● WHAT IS REQUIRED:
Copy exactly the lines of the data below, beginning with the line with "Cake Happy Birthday" and ending with the line with "Cake topper Happy". Pictures are to be omitted.

● DATA SHOWN:
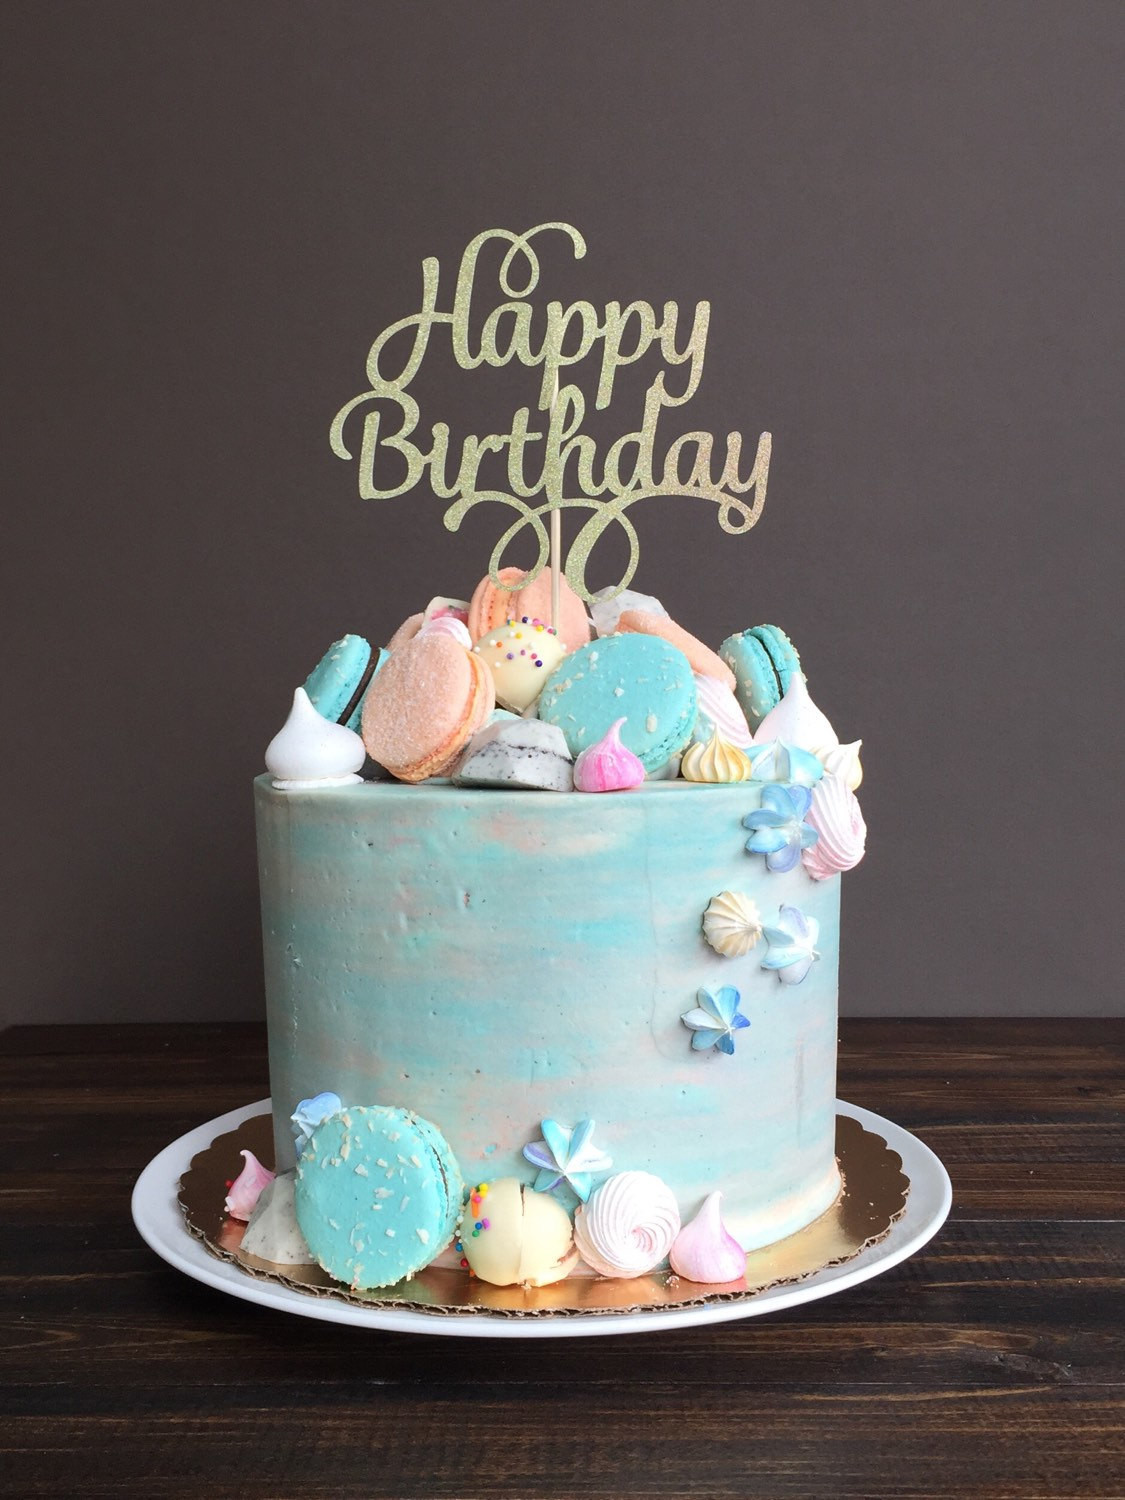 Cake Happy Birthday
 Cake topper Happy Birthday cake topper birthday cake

...

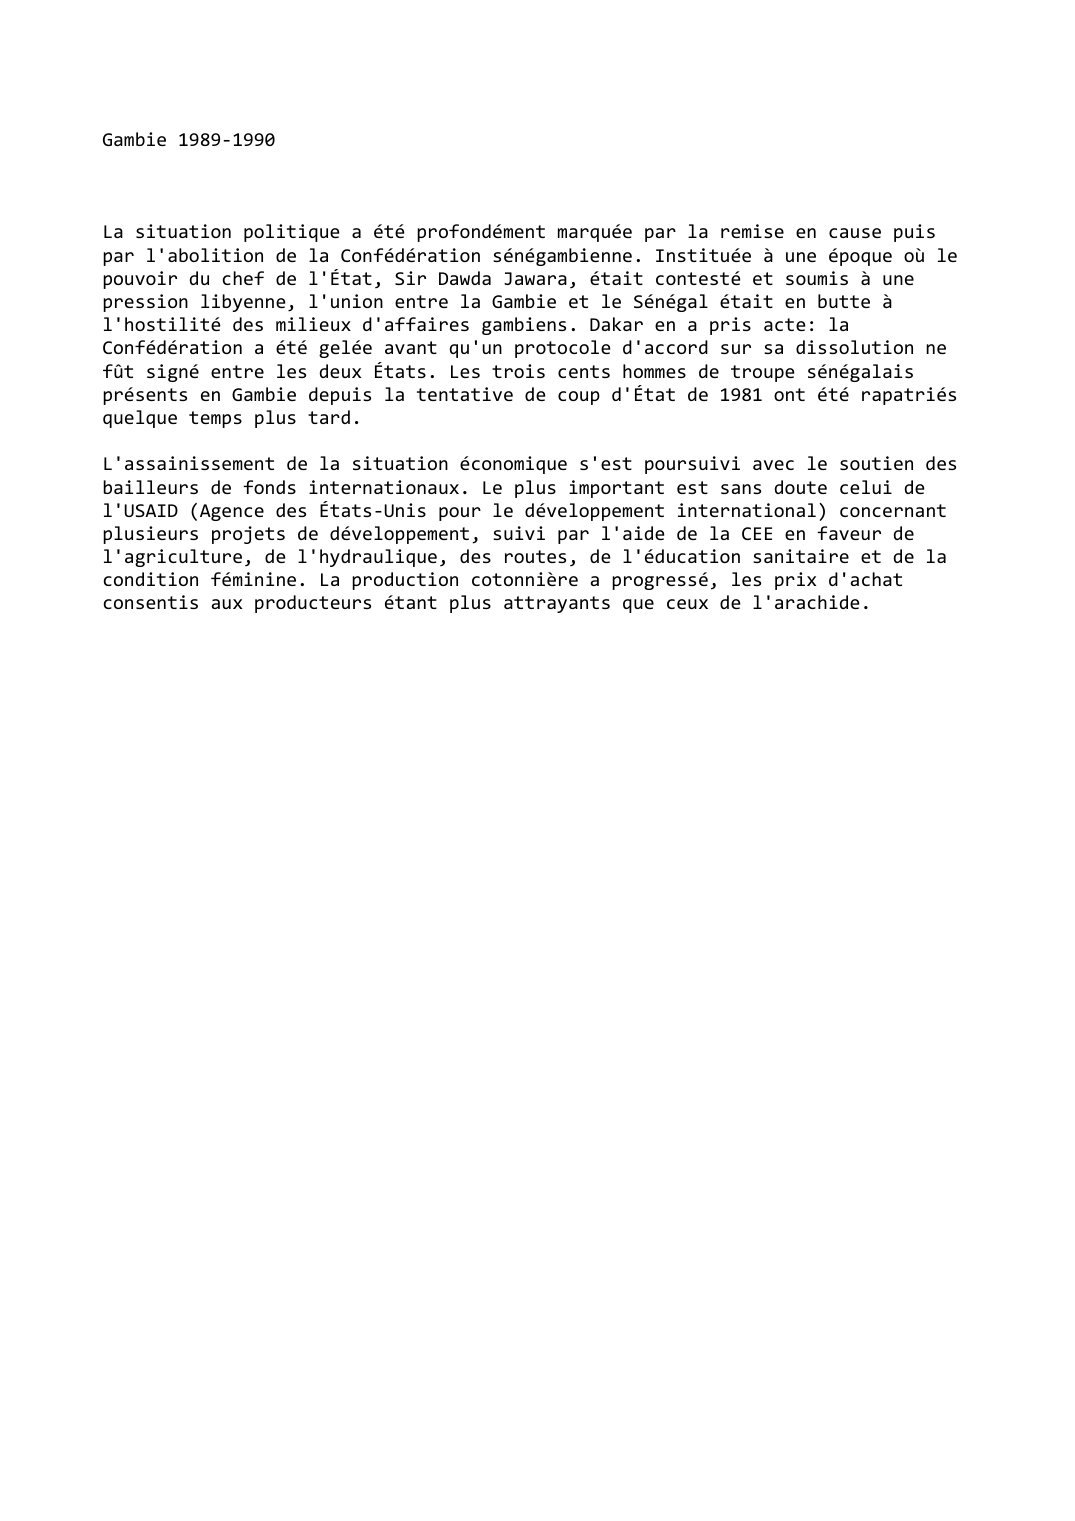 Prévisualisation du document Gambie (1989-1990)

● EXERCISE ANSWER:
 Cake Happy Birthday
 Cake topper Happy Birthday cake topper birthday cake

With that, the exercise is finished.